Open
Description
The Python VideoDecoder
needs to know how many frames are in a stream. It asserts this at startup:
torchcodec/src/torchcodec/decoders/_video_decoder.py
Lines 387 to 390 in dd44f57
It needs to know this because the number of frames are the length of the decoder as a sequence:
torchcodec/src/torchcodec/decoders/_video_decoder.py
Lines 122 to 123 in dd44f57
Some videos are missing the number of frames in their metadata. For exact mode, this is not a problem because we compute the number of frames when we scan the stream. For approximate mode, we currently cannot instantiate a decoder for such videos. Approximate mode also requires the FPS - that's how we figure out indices. So for a video that is missing its number of frames, if it has its FPS and time duration, we should be able to compute the number of frames.

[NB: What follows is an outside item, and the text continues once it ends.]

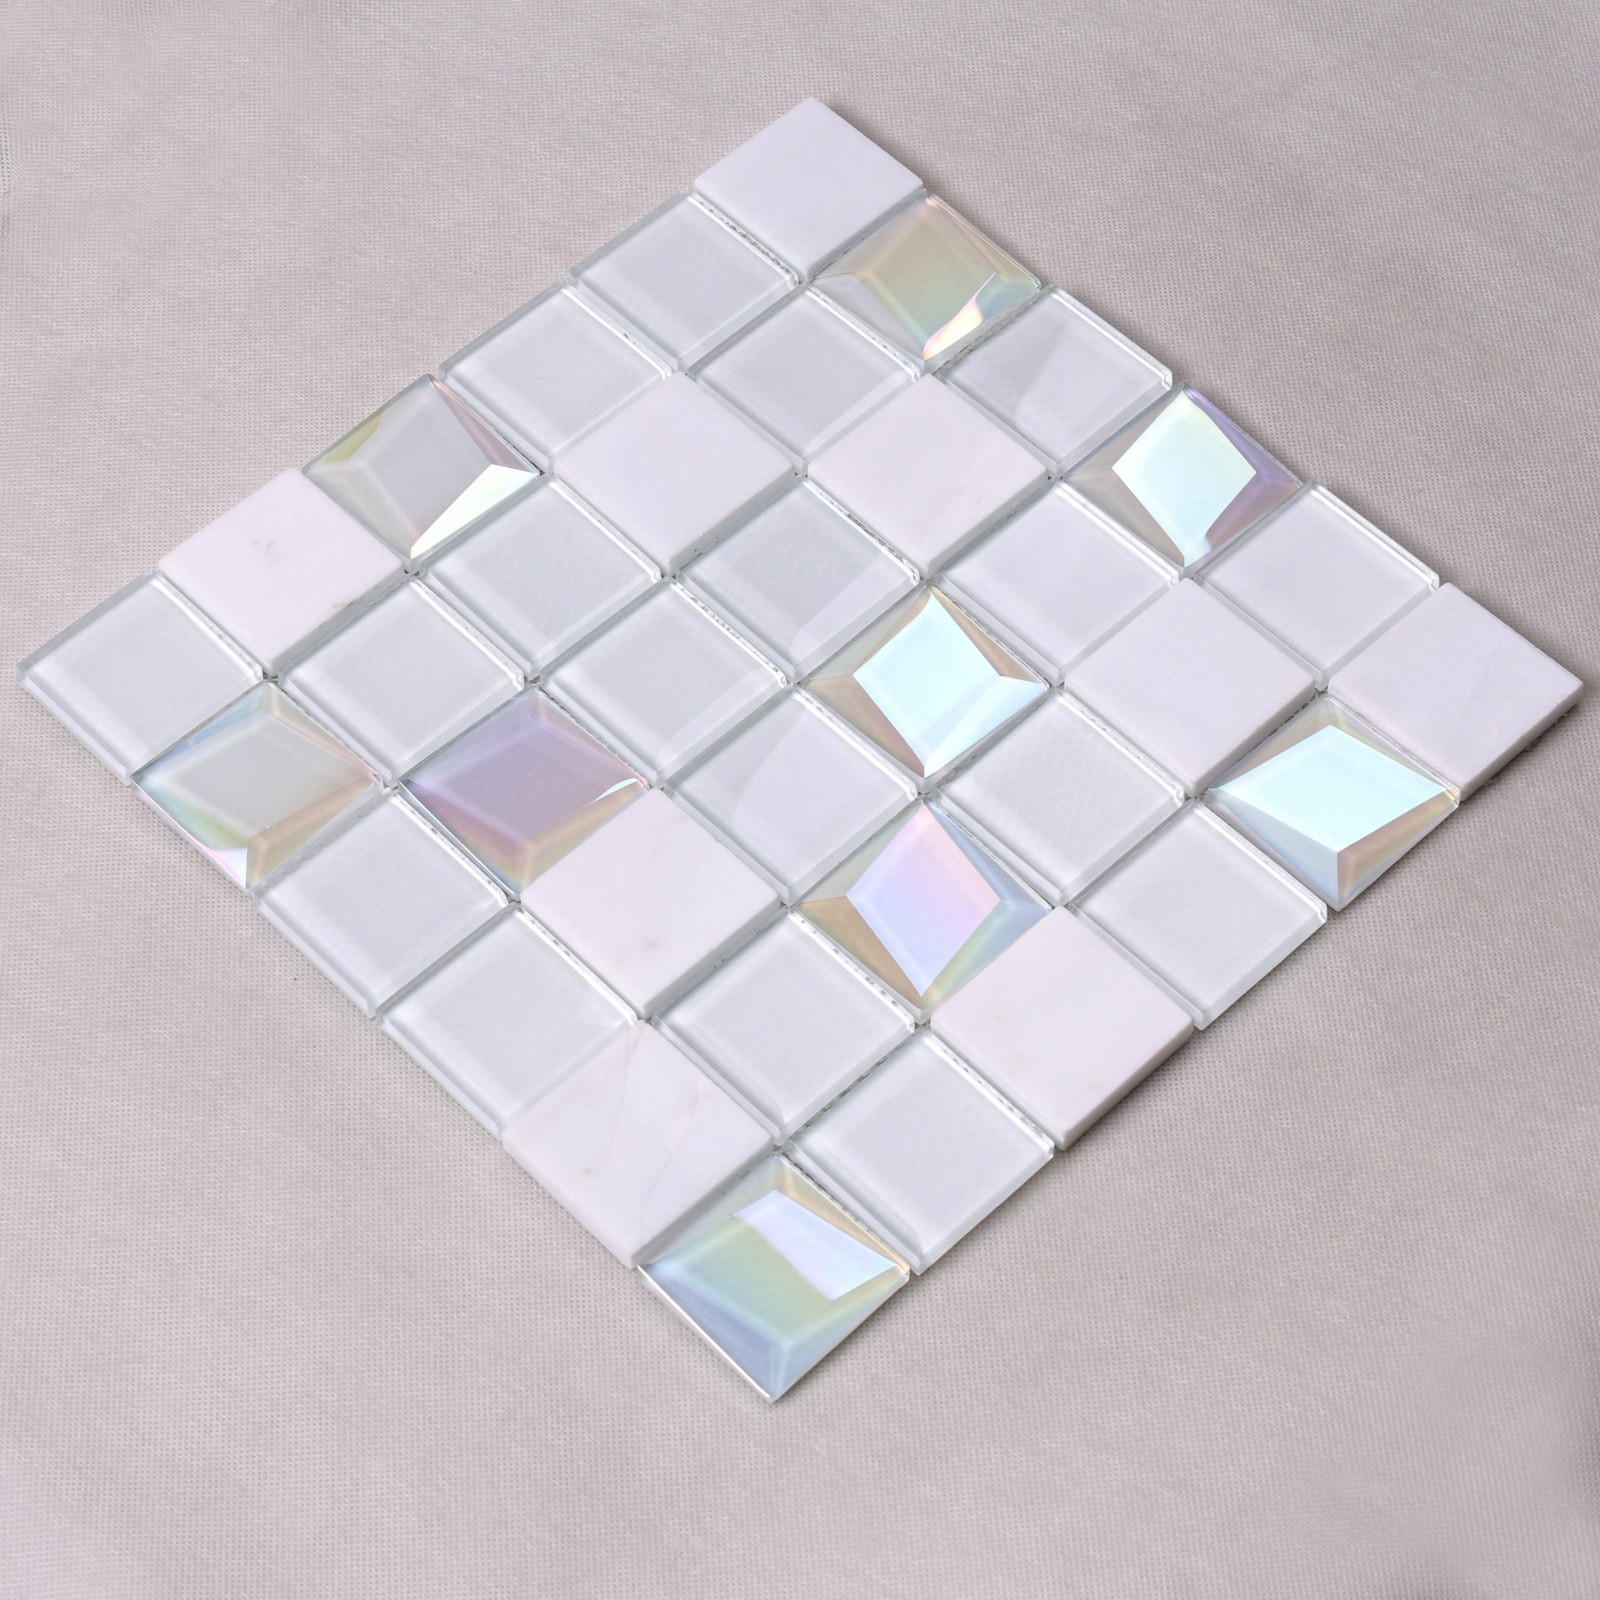 Heng Xing Best 1x1 glass tile sheets factory price for kitchen-2

In terms of implementation, we should hide all of this inside of the metadata class rather than changing any logic in VideoDecoder
. We already make num_frames
a property and figure out which is the best value to return:
torchcodec/src/torchcodec/_core/_metadata.py
Lines 125 to 133 in dd44f57
We should also figure out if
num_frames_from_header
is None
, and if it is, return the calculation. Doing this change is very straight-forward, but we'll need testing to make sure we don't run into segfaults.